Van Andel Arena project
Construction unfolded this summer in front of Van Andel Arena, where crews were at work remodeling the plaza in front of the downtown area’s biggest venue. When the $2.1 million remodeling project began earlier this year, it was expected to finish before winter, adding new landscaping, trees, lighting and seating. It’s principally funded by DGRI.
Has Heart Café
Navy veteran Michael Hyacinthe leads the Grand Rapids nonprofit Has Heart, a veteran artist collaborative aiming to open a coffee shop on the grounds of Veteran’s Memorial
Park downtown. The group’s animating spirit is bound up in veterans, art and bridging
the divide between ex-military and civilian culture, and it’s greatly inspired by Daane
Deboer, the cousin of Hyacinthe’s wife, who was killed in 2010 while serving with the
Marines in Afghanistan.
“We were hoping to unveil a big fundraising campaign during ArtPrize, and unfortunately
COVID hit, and yes, that has disrupted life as we know it for that particular project,”
Hyacinthe said. “However, that project is still moving forward, and we’re hoping to start
construction, hopefully within the next several months.
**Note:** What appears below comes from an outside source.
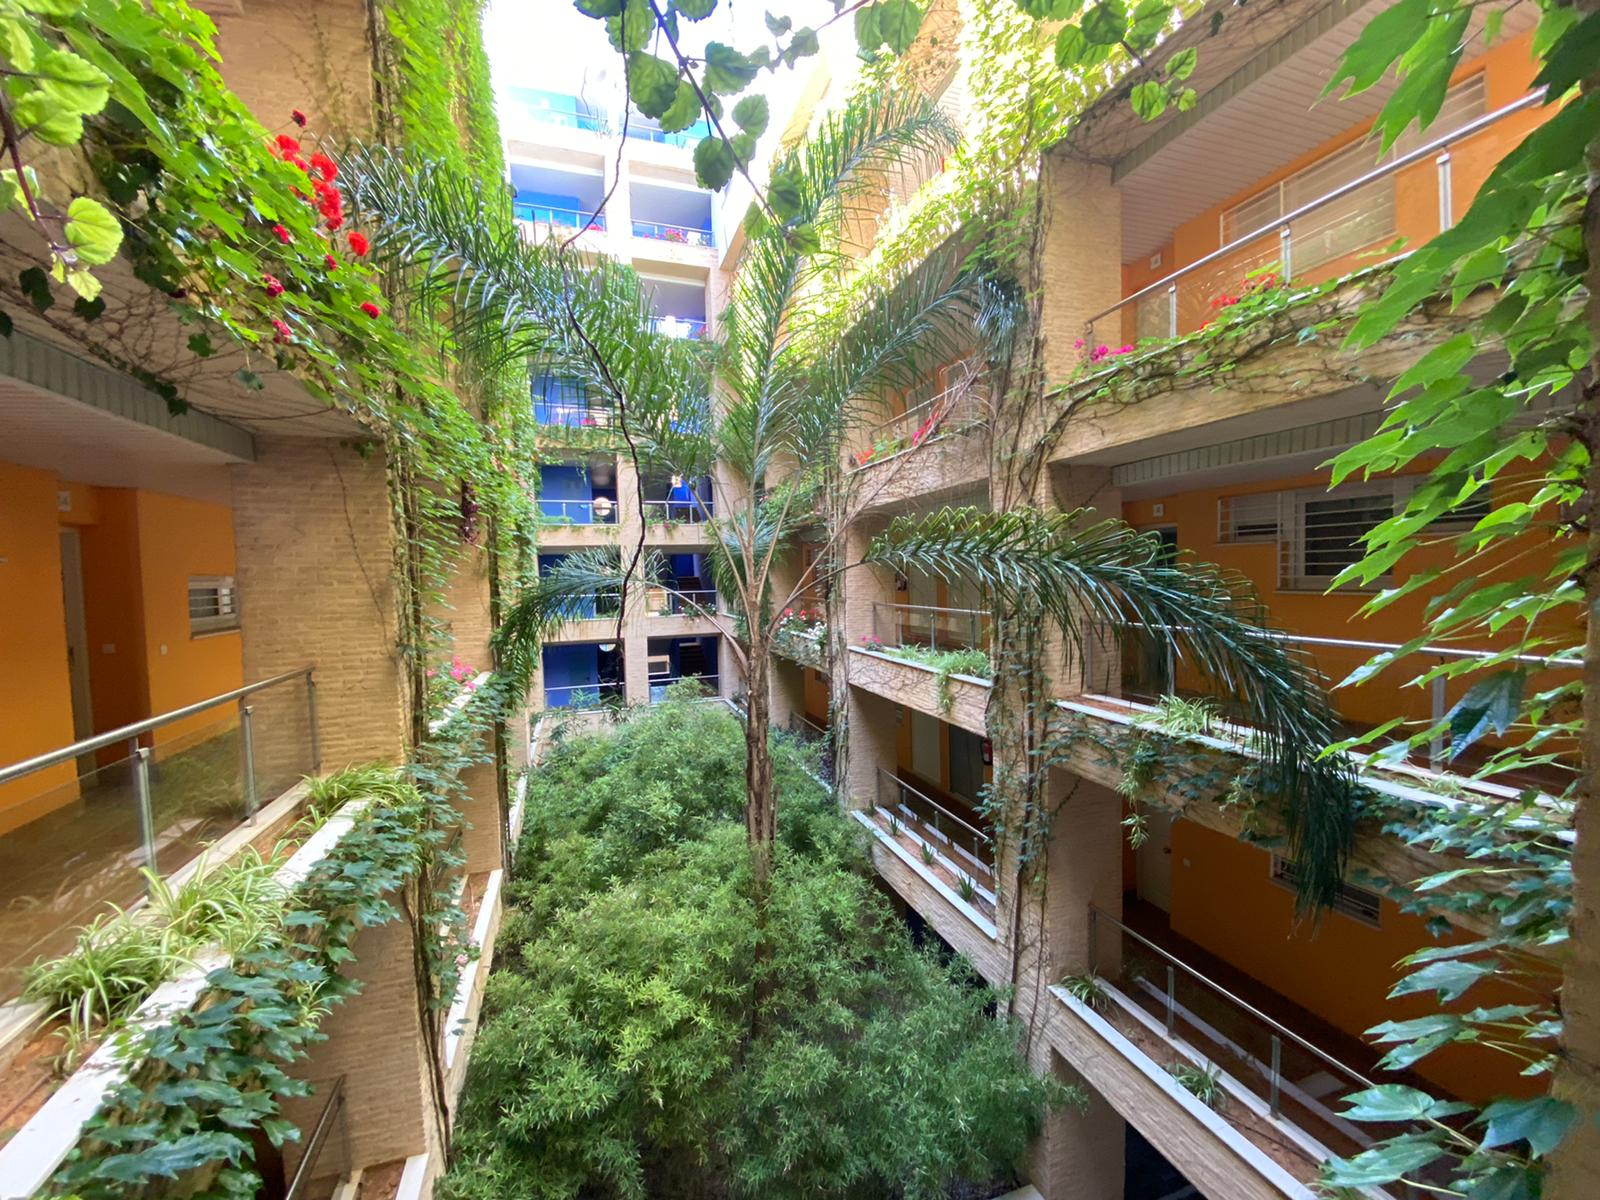 Imagen 33 del Apartamento en El Espigón, 1ª Planta nº4 Poniente (3d+2b), Punta del Moral (HUELVA), Paseo de la Cruz nº22
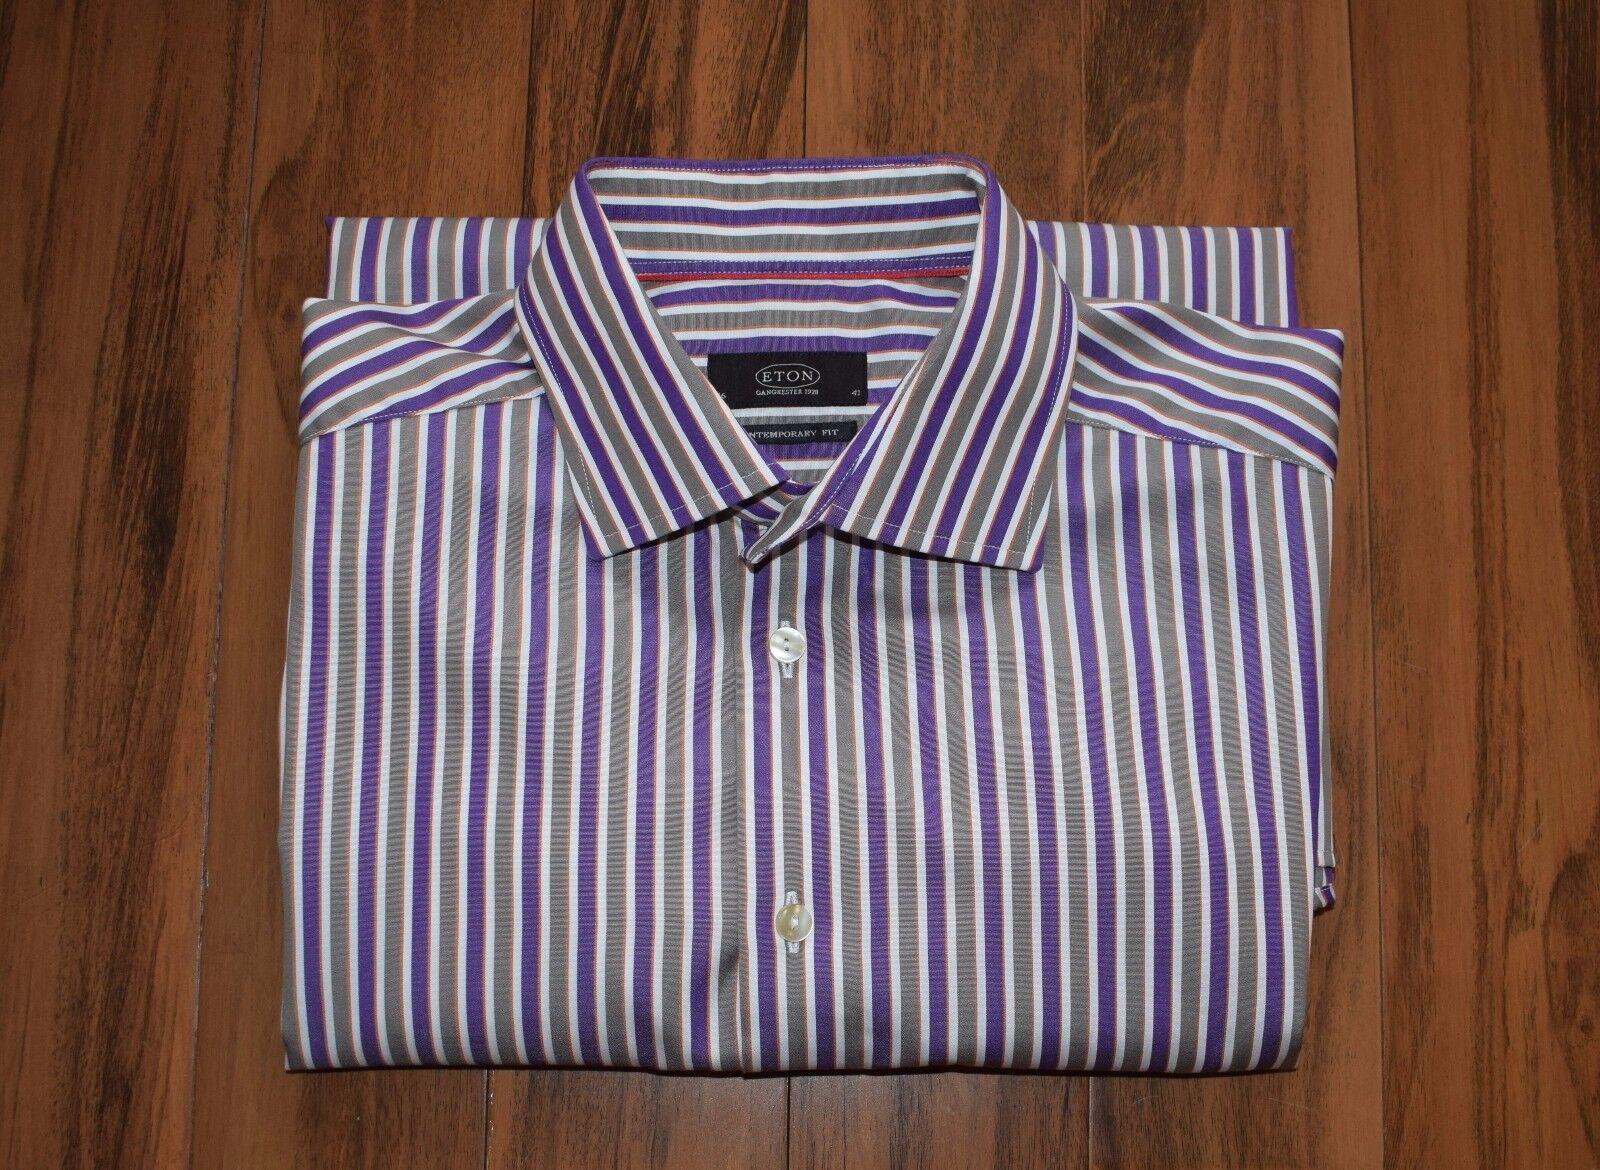 73523a6df67808 Stunning ETON Men s Shirt Size for SALE 41 16 nrrtuq14338-Formal ...

And … we’re meeting with the city to discuss what construction looks like.”
The group is still fundraising to meet a $250,000 goal, Hyacinthe said, and supporters can
help the group meet it at hasheart.us.
Amway Hotel remodeling
The Amway Grand Plaza launched a remodeling project in 2019 that’s brought a high-altitude crane to the edge of the river — perched for a while on the roof of its signature tower. When it was launched, the $40 million project was expected to replace the glass around the outside of the building, subtly changing the look of the skyscraper and bringing floor-to-ceiling windows to rooms throughout the building.